[Dataset extract Boundary: Start]
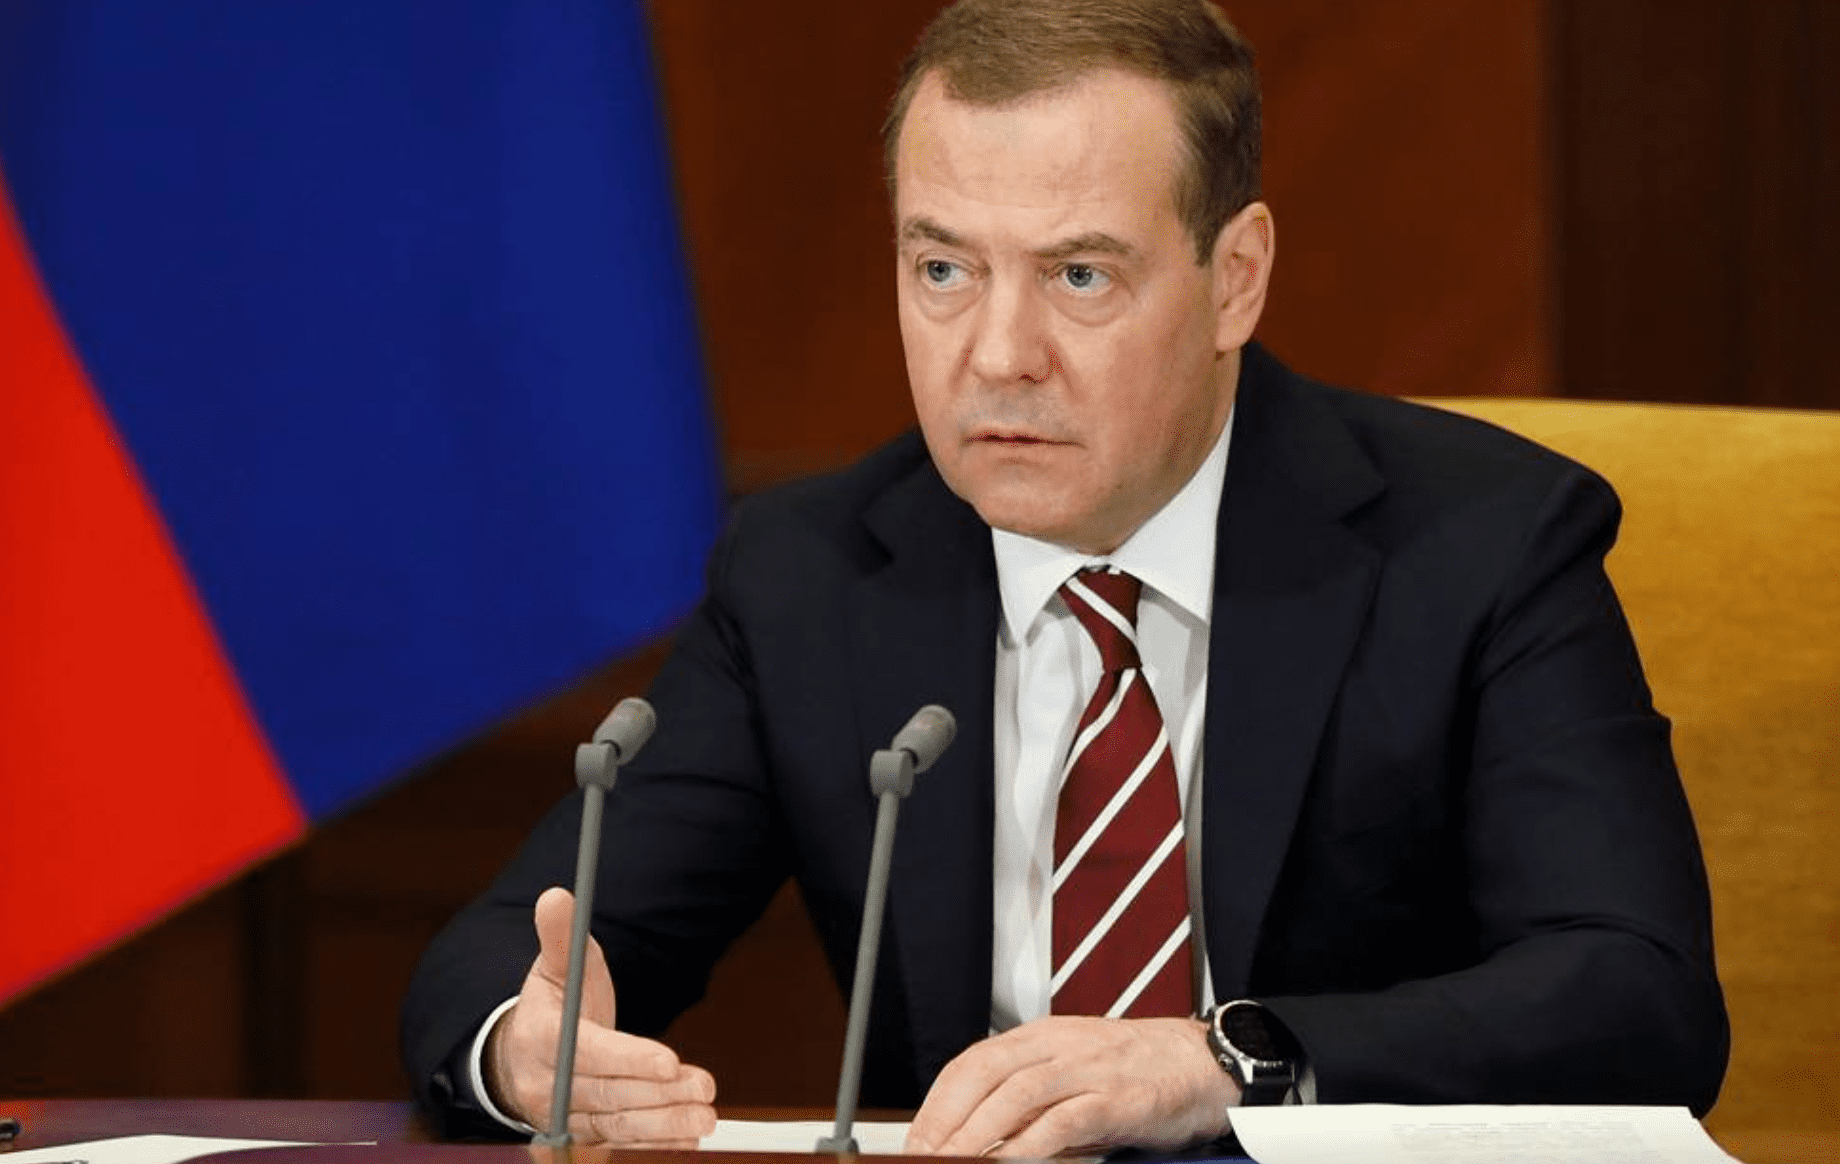 Medvedev dimentica l'imperialismo di Putin e attacca il colonialismo: "Le Malvinas sono argentine"
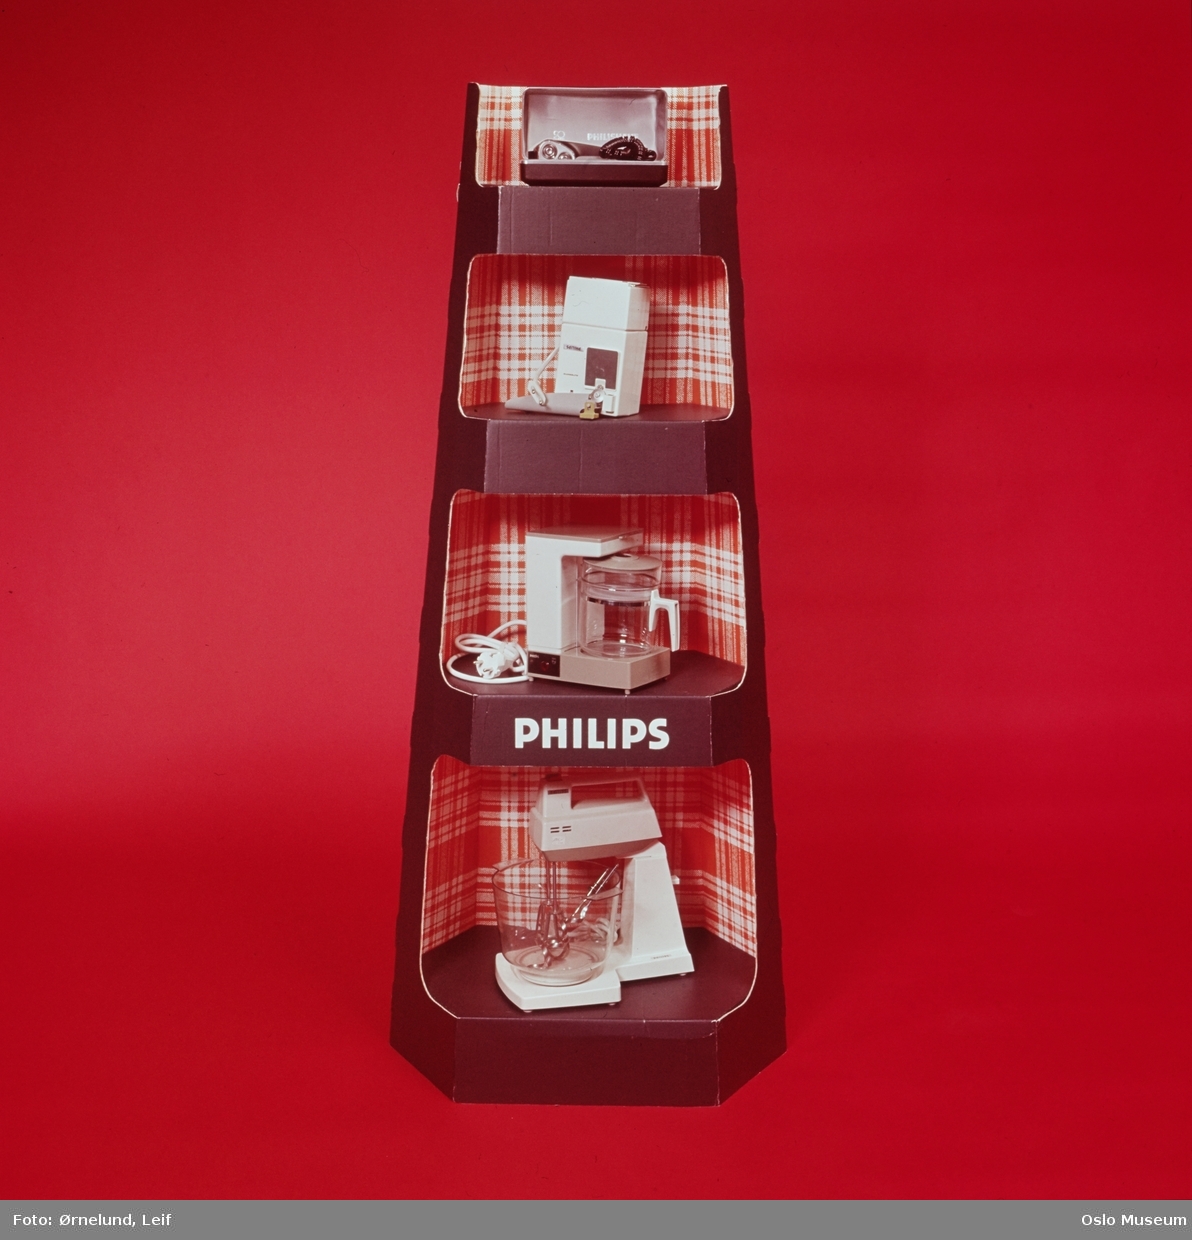 Den nederlandske elektronikkgiganten Philips hadde i perioder stor produksjon også i Norge, i tillegg til import og omsetning av produkter fra Philips' øvrige verdensomspennende produksjonsnett. Med dette er Philips fortsatt en gigant på mange ulike markeder fra belysning og småelektrisk utstyr, TV/radio/musikk til avansert medisinsk utstyr.

Norsk Aksjeselskap Philips ble etablert i 1923 som salgsfirma for Philips glødelamper produsert Nederland. Etter hvert stor egenproduksjon i Norge, først og fremst ved glødelampefabrikken Philips Fabrikk Norsk A/S i Arendal og Radio Industri A/S på Ryen (Sandstuveien) i Oslo.
[Dataset extract Boundary: End]
◆ **Task to carry out**
The lines from the one containing "Den nederlandske elektronikkgiganten" up to and including the last line of the material above are to be given again exactly; any pictures are dropped.

◆ **Exercise output**
 Den nederlandske elektronikkgiganten Philips hadde i perioder stor produksjon også i Norge, i tillegg til import og omsetning av produkter fra Philips' øvrige verdensomspennende produksjonsnett. Med dette er Philips fortsatt en gigant på mange ulike markeder fra belysning og småelektrisk utstyr, TV/radio/musikk til avansert medisinsk utstyr.

Norsk Aksjeselskap Philips ble etablert i 1923 som salgsfirma for Philips glødelamper produsert Nederland. Etter hvert stor egenproduksjon i Norge, først og fremst ved glødelampefabrikken Philips Fabrikk Norsk A/S i Arendal og Radio Industri A/S på Ryen (Sandstuveien) i Oslo.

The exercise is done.